After a relative lull, rockabilly and psychobilly have gained speed in the L.A. area. Local indie Wild Records started in 2001 and features mostly Latino musicians. Its artists and others have performed at area rockabilly events including the Rumble on Pine Festival and Ink-N-Iron Festival in Long Beach -- as well as venues like the Moose Lodge, the Five Star and the Airliner -- before primarily Latino audiences. The men (in jean jackets) bring their women (in tight dresses) in their classic throwback cars. Everyone's tattooed from head to toe, smoking and drinking Sailor Jerry's.
"The newness of rockabilly is attractive because it goes against all the social norms of pop culture," says Johnathan Albarran Palomino, guitarist for Long Beach psychobilly band The Gunz, whose members are all in their early 20s. "Punk is getting too old, ska has stagnated, and electro is just a fad."
Rockabilly is a fairly new scene for many here, which is part of the attraction. Of course, at base it's all about the nostalgia, for the era of hot rods, pin-up girls and a Jack Kerouac type of rebellion. It's not Mom nor Dad's music from south of the border; in fact, it's a way to claim Americanness for the next generation, especially during the turbulent battle for immigration reform being fought in national politics.
Then there's the fact that the music is simply raw and energetic. It kicks ass. Bands like The Spoofs or Tres Muertos play with a take-no-prisoners attitude that their grandparents would not have recognized.

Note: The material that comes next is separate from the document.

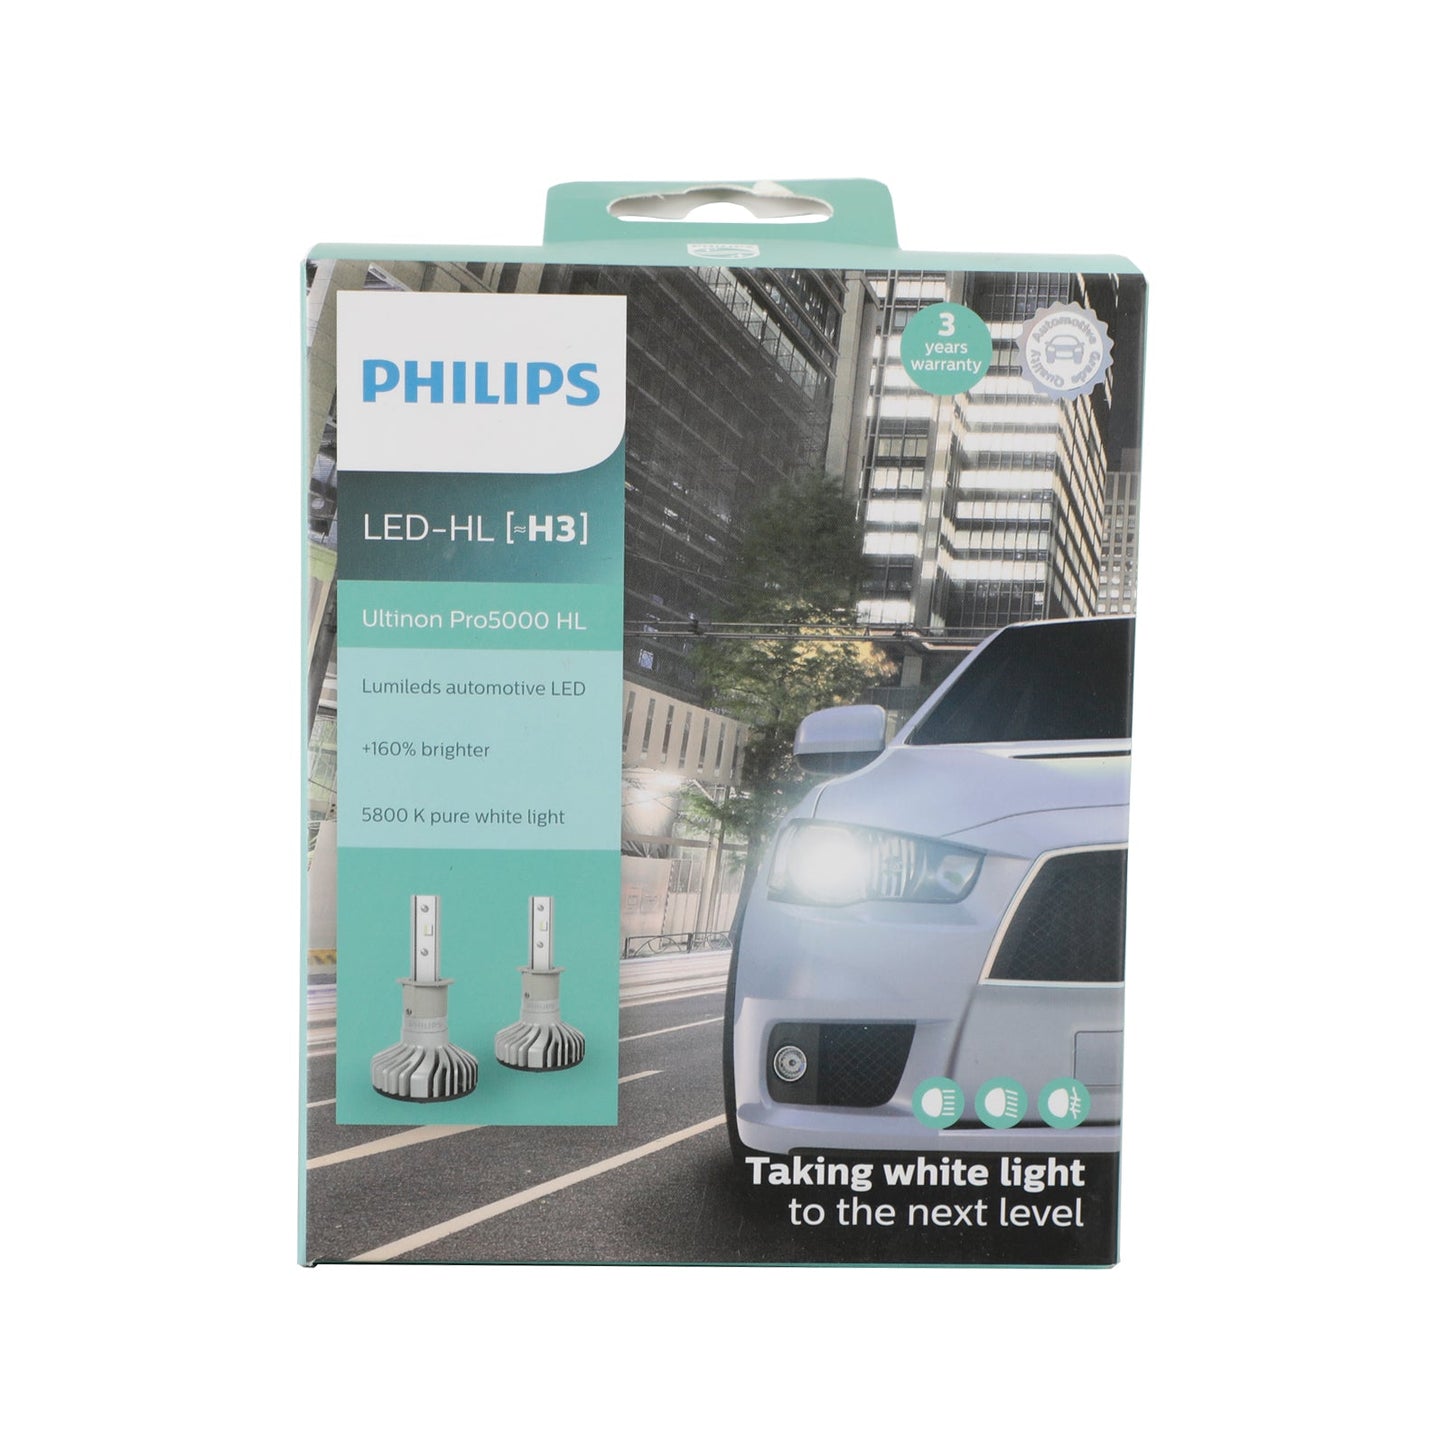 For Philips 11336U50CWX2 Ultinon Pro5000HL LED Headlight H3 15W +160% 5800K

Back at the Moose Lodge, paintings of Johnny Cash, Elvis and John Lennon hang on the wall. In a way, this cramped venue feels not unlike an old high school gym where someone like Valens might have performed when he was just starting out. (Minus all the booze and the smell of weed.) The main difference is that the next Valens won't need to change his name to find mass appeal.